With no other choice, I decided to shut down the online giving form for the customer under attack. (Mark this down as another reason to split your monolith up into microservices! Making that happen in a monolith would have required making some code modifications at midnight, groggy from interrupted sleep, with sad trombone constantly playing in my ears. Not ideal.)
After getting a few more hours of sleep, I gathered the team and we put our heads together on the right solution to get this particular brand of jerk-store to buzz off. We discussed adding rate limiting at the WAF layer, but ultimately decided it was the wrong tool for the job. The rate limiting controls there start with defaults like 1,000 requests per 5 minute window, which might be fine if you're dealing with general rate limiting, but aren't well suited for a targeted attack on one URI. Even if we set it to a relatively low value like 100 requests per 5 minutes, that's still allowing another request every 3 seconds or so, indefinitely.
That would not be much of an improvement over continuous sad trombone.
Fortunately, this microservice is built on Express.js, which means it has a huge community of free and open source plugins waiting to be taken advantage of. We eventually settled on Express-Brute, which allowed us to apply a rate limit specifically to the one route in question, and configure it exactly how we wanted.
We went with a fibonacci-sequence-based cooldown after a couple of "free" retries. Leaving some wiggle room for genuine donors to make mistakes seemed like the right approach.
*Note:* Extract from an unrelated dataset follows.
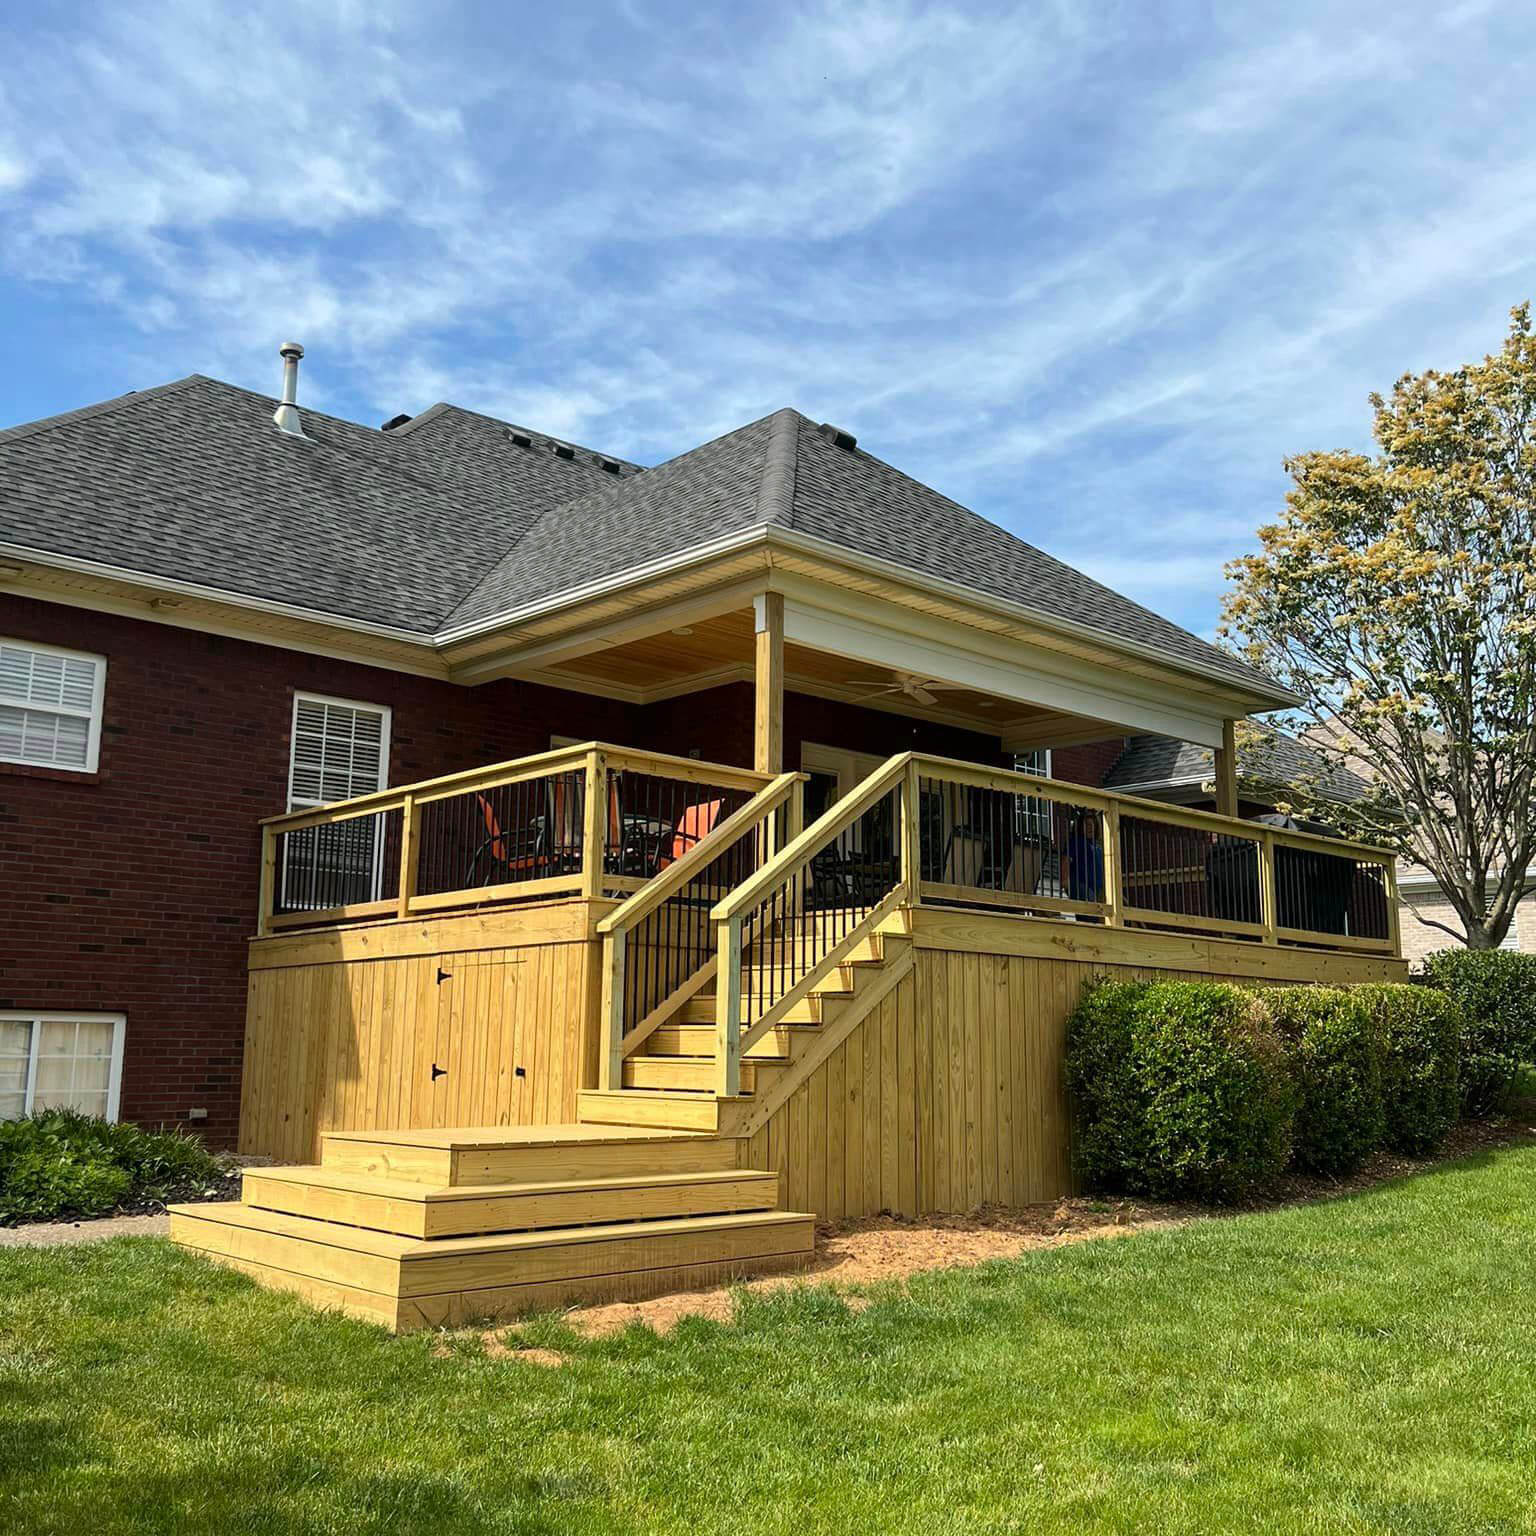 Maximizing Your Deck’s Potential: A Guide to Covered Deck Construction

Our fibonacci cooldown starts at a couple of minutes, and very quickly spirals out to a full hour cooldown, with something like a 5-8 hour memory. The theoretical maximum number of requests our bad actor could make in 24 hours is now far fewer than even just the number of attempts they made between 12:00 and 12:01 on that Monday morning.
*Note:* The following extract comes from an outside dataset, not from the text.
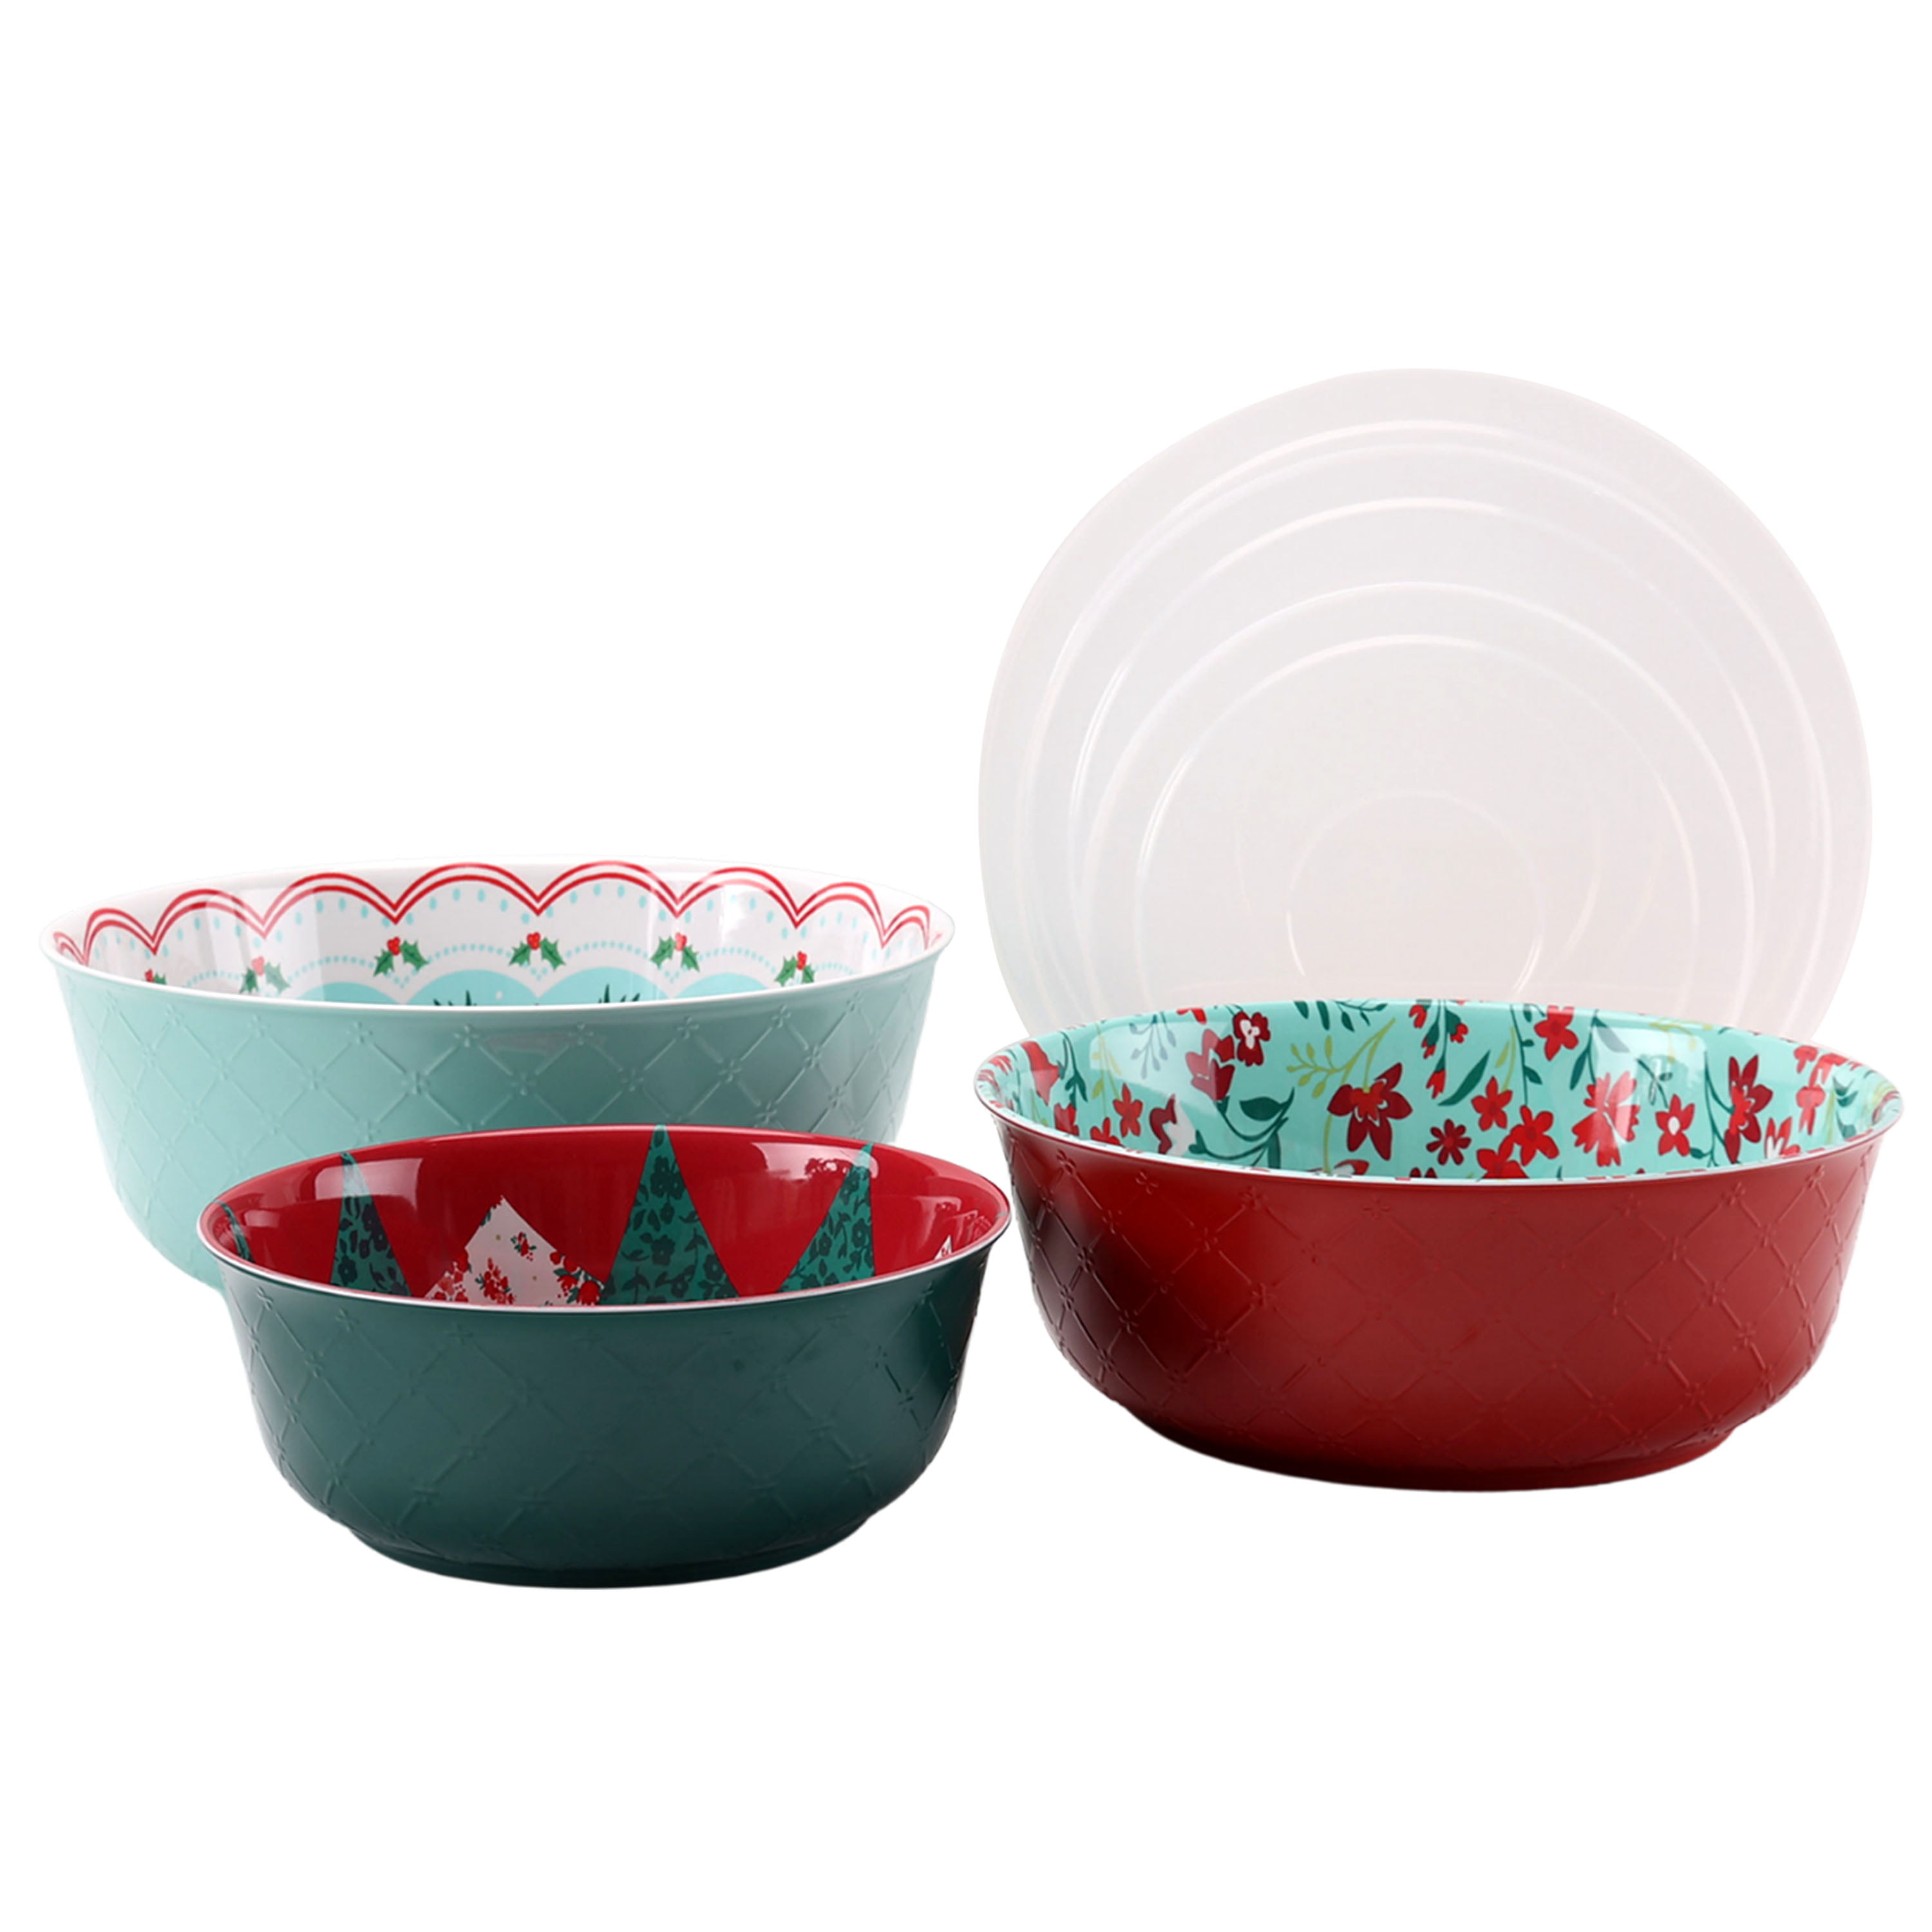 Buy The Pioneer Woman mazie 3 piece mixing bowl set blue and red Online

I was able to add all of that with only 19 new lines of code to import, setup, and use the plugin. The plugin itself is very small, and its dependencies are pretty dang limited considering how significantly it just saved our bacon!
The service has been back online for quite some time now and we've seen the malicious actor make a couple more attempts, but the change seems to have done its job and sent them off to find another credit card form to abuse.
I never imagined I'd write code to reduce the frequency of someone giving us money, but here we are.